It was natural that the tendencies of English literature thus enumerated should be represented in the poet-laureate for the time being. Who was the fit man to be appointed laureate at the Restoration? Milton was out of the question, having none of the requisites. Butler, the man of greatest natural power of a different order, and possessing certainly as much of the anti-Puritan sentiment as Charles and his courtiers could have desired in their laureate, was not yet sufficiently known, and was, besides, neither a dramatist nor a fine gentleman. Cowley, whom public opinion would have pointed out as best entitled to the honour, was somehow not in much favour at court, and was spending the remainder of his days on a little property near Chertsey. Waller and Denham were wealthy men, with whom literature was but an amusement. On the whole, Sir William Davenant was felt to be the proper man for the office. He was an approved royalist; he had, in fact, been laureate to Charles I. after Ben Jonson's death in 1637; and he had suffered much in the cause of the king. He was, moreover, a literary man by profession. He had been an actor and a theatre-manager before the Commonwealth; he had been the first to start a theatre after the relaxed rule of Cromwell made it possible; and he was one of the first to attempt heroic or rhymed tragedies after the French model. He was also, far more than Cowley, a wit of the new school; and, as a versifier, he practised, with no small reputation, the neat, lucid style introduced by Denham and Waller. He was the author of an epic called _Gondibert_, written in rhymed stanzas of four lines each, which Hobbes praised as showing "more shape of art, health of morality, and vigour and beauty of expression," than any poem he had ever read. We defy anyone to read the poem now; but there have been worse things written; and it has the merit of being a careful and rather serious composition by a man who had industry, education, and taste, without genius. There was but one awkwardness in having such a man for laureate: he had no nose. This awkwardness, however, had existed at the time of his first appointment in the preceding reign. At least, Suckling adverts to it in the _Session of the Poets_, where he makes the wits of that time contend for the bays--
"Will Davenant, ashamed of a foolish mischance, That he had got lately, travelling in France, Modestly hoped the handsomeness of 's muse Might any deformity about him excuse.
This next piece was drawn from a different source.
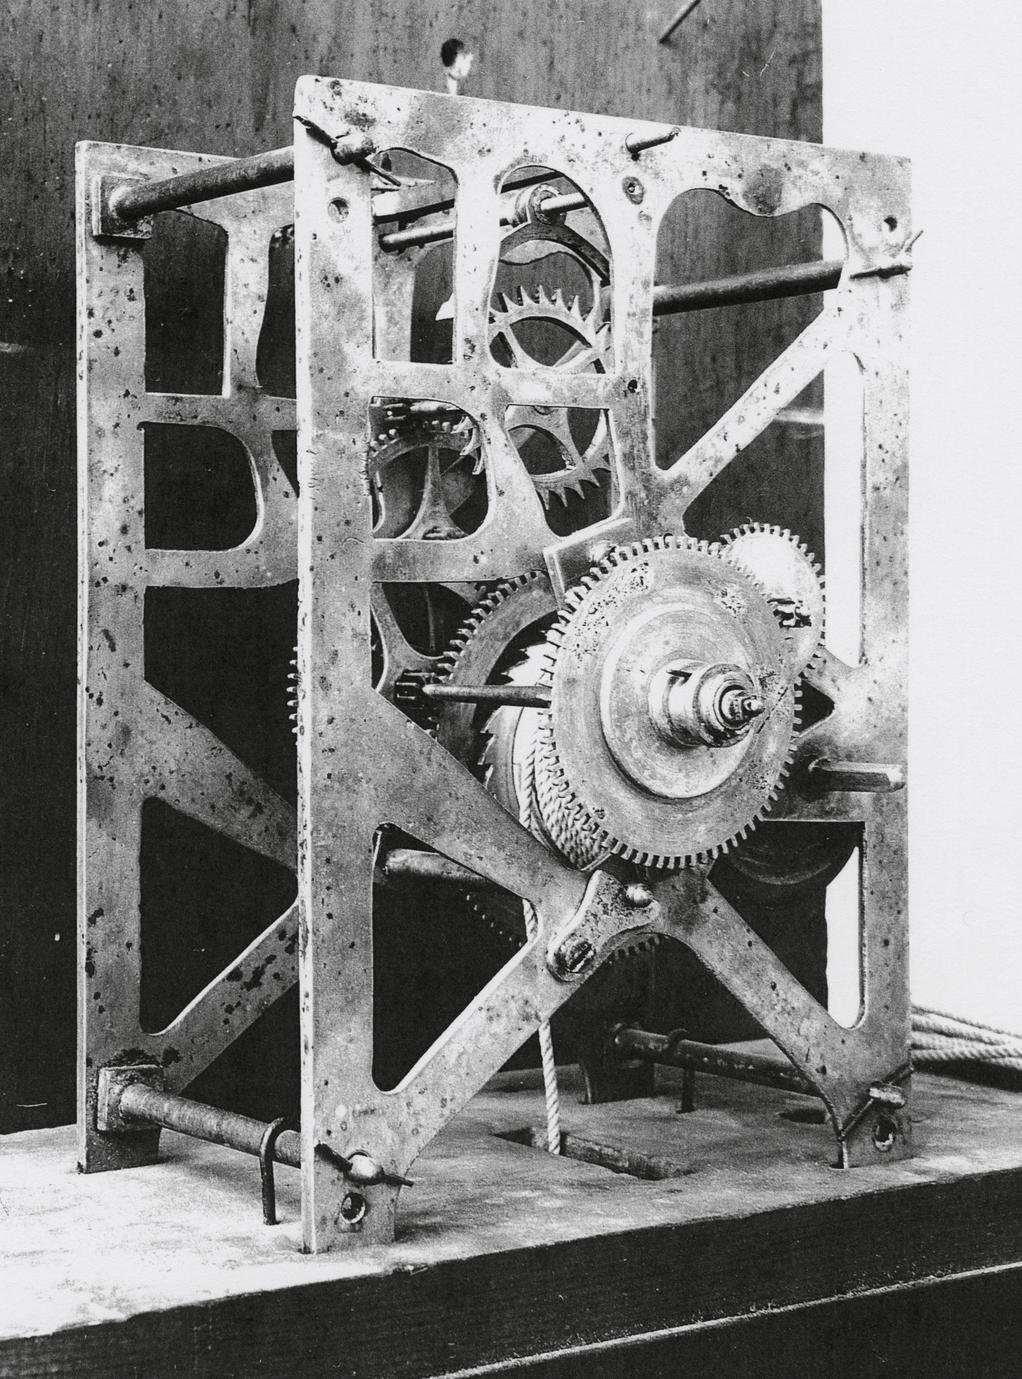 Black and white photograph of a silent clock gear system.

"And surely the company would have been content, If they could have found any precedent; But in all their records, either in verse or prose, There was not one laureate without a nose."
If the more decorous court of Charles I., however, overlooked this deficiency, it was not for that of Charles II. to take objection to it. After all, Davenant, notwithstanding his misfortune, seems to have been not the worst gentleman about Charles's court, either in morals or manners. Milton is said to have known and liked him.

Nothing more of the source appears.